Машка села на тротуар и весело заплакала. Патрик тем временем, не обращая на нее внимания, любезничал с бутылкой.
– Вы мне нравитесь, бэби! Почему бы вам не поехать со мной? Ну, вы поедете со мной! Ох, заводная девочка!
Мы влезли в «Импалу», и Патрик начал по-идиотски газовать, нелепо втыкать скорости. Машина ревела, дергалась, ее организм, расшатанный бесконечной пьяной ездой, очень страдал. Патрик гугукался с бутылкой, словно с какой-нибудь японской проституточкой в квартале Синдзюко, счастливо смеялся и изредка ее сосал. Машка как бы рыдала на Аристарховой груди, а на самом деле проверяла пальчиками, все ли на месте. Машина тем временем катила прямо на бетонную подпорку гостиницы «Минск».
* * *
ABCDE
Геннадий Аполлинариевич Малькольмов покинул операционный блок в радужном настроении. Как все складывалось сегодня удачно! Как чудно! Какую блестящую технику он показал на операции! Какие анастамозы! Какие пластики! Как блеснул! Какой был аттрактивный сорокалетний мужчина-хирург-супермен, загорелая бестия, овеянный легендами на весь институт почти-профессор Геннадий Малькольмов! Какую импрессию произвел на присутствующих, а главным образом, на студентку Тинатину Шевардину! Каким нескрываемым восхищением горели глаза студентки! И как потом, после операции, все замечательно сложилось! Как непринужденно, без всякого давления преподнесла ему старшая операционная сестра полную мензурку ректификата и как замечательно все это было тут же выпито и запито холодным боржомом! Как все это чудно получилось, как молодо, лихо, словно в студенческие годы, в поздние пятидесятые! И очень кстати тут оказался студент Каверзнев, вечный задолжник, культмассовик, торговец живым товаром! И как подхлестнул этот мерзавец еще молодого почти-профессора, когда, подмигивая, сказал ему, что Тинатина Шевардина ждет его у выхода из парка и что он, Каверзнев, все уже устроил, что будет вечеринка с участием Малькольмова и Шевардиной, а благодарность за эту так называемую вечеринку – пустяковая, всего лишь положительная оценка ему, Каверзневу, за цикл госпитальной хирургии!

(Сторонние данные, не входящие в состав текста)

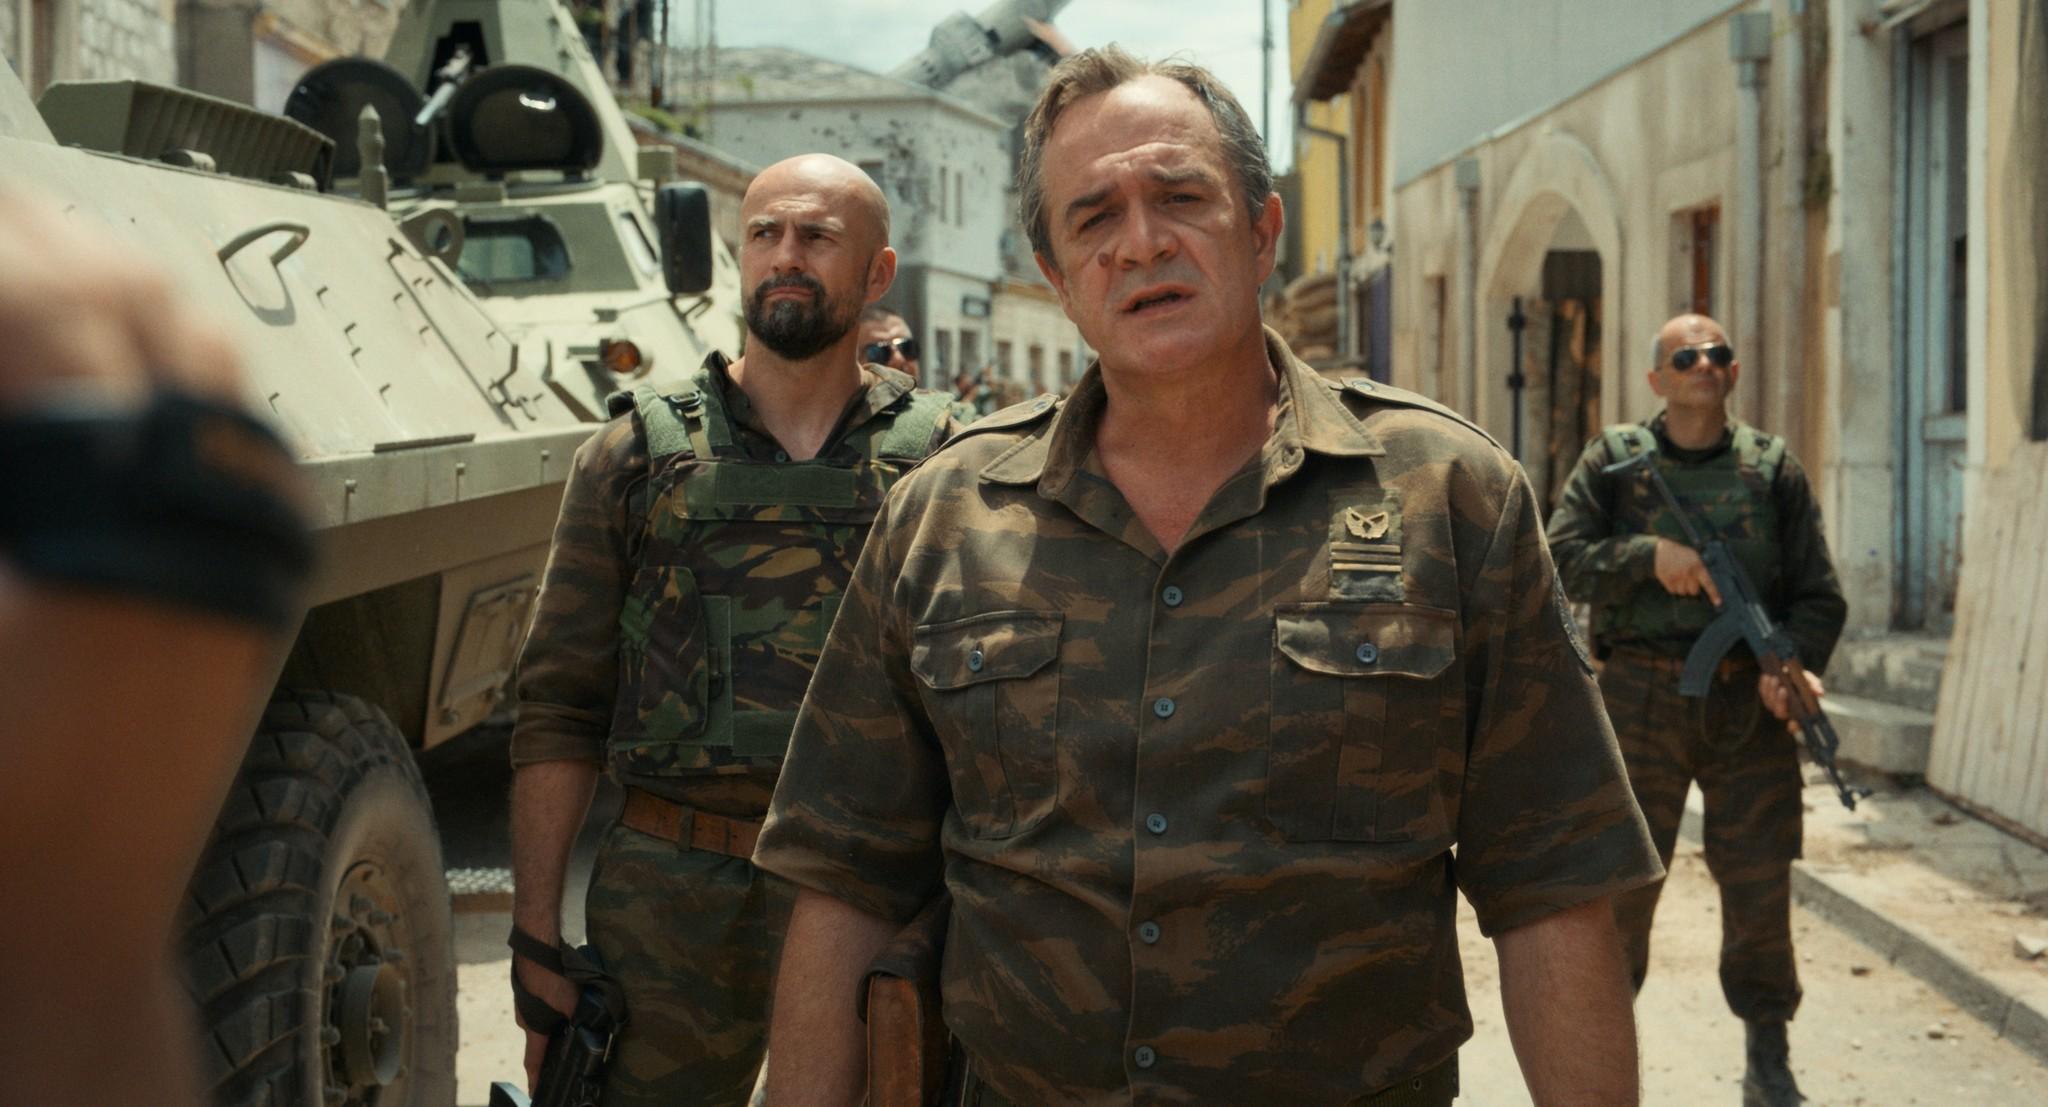 スレブレニツァ虐殺事件を主導するラトコ・ムラジッチ司令官。演じるのはセルビアの俳優ボリス・イサコヴィッチ氏で、主人公アイダを演じたヤスナ・ジュリチッチ氏とは夫婦。出演をめぐり、2人は政治的な圧力を受けているという=「アイダよ、何処へ?」より。©2020 Deblokada/coop99 filmproduktion/Digital Cube/N279/Razor Film/Extreme Emotions/Indie Prod/Tordenfilm/TRT/ZDF arte

Малькольмов бодро шел по парку, над ним качались со скрипом деревья, он казался себе удачливым напористым шестикурсником, предвкушал «вечеринку», будущую связь с Шевардиной, алкогольные напитки, оглушительную поп-музыку, и лишь чуть-чуть иногда набегало гнетущее ощущение воровства, нечистоты, пошлости, ненастья, но лишь чуть-чуть, чтобы тут же убежать.
Он вышел из парка в тихий пустынный московский переулок. Студенты уже ждали его, живописно привалившись к чугунной решетке прошлого века, все в современных одеждах, ночные блики играли с высокими коленями Тинатины Шевардиной. В конце переулка появились и тихо поползли ко всем присутствующим широко расставленные четыре хрустальных глаза.
Все рухнуло, подумал Малькольмов, нащупали, космополиты проклятые!
Он не ошибся, к институтскому парку приближалась черная дипломатическая четырех-спальная-восьми-цилиндровая колымага, а из нее ему махала пьяная женская рука. Это приехали по его душу давнишняя его любовница Машка Кулаго и старый его англо-американский, а вернее, интерконтинентальный кореш Патрик Тандерджет.
– Геночка-лапочка! Вот и мы! Вот и мы! – завизжала Машка и выскочила из машины. Она была в своих неизменных джинсах и красной рубашке, завязанной калифорний-ским узлом под торчащими в разные стороны грудями. Между рубашкой и джинсами поблескивал, словно крыша «Фольксвагена», потрясающий Машкин живот. Машкины глазища танцевали хулу. Она была очень хороша, как всегда по ночам, когда перебиралась за пол-литровую отметку.
Затем появились жирафьи ноги в стоптанных башмаках «хаш-папис», а вслед за ними вылез Патрик Тандерджет, почесал заросший затылок и уставился на группу студентов, точнее, на Тинатину Шевардину и двух ее подруг.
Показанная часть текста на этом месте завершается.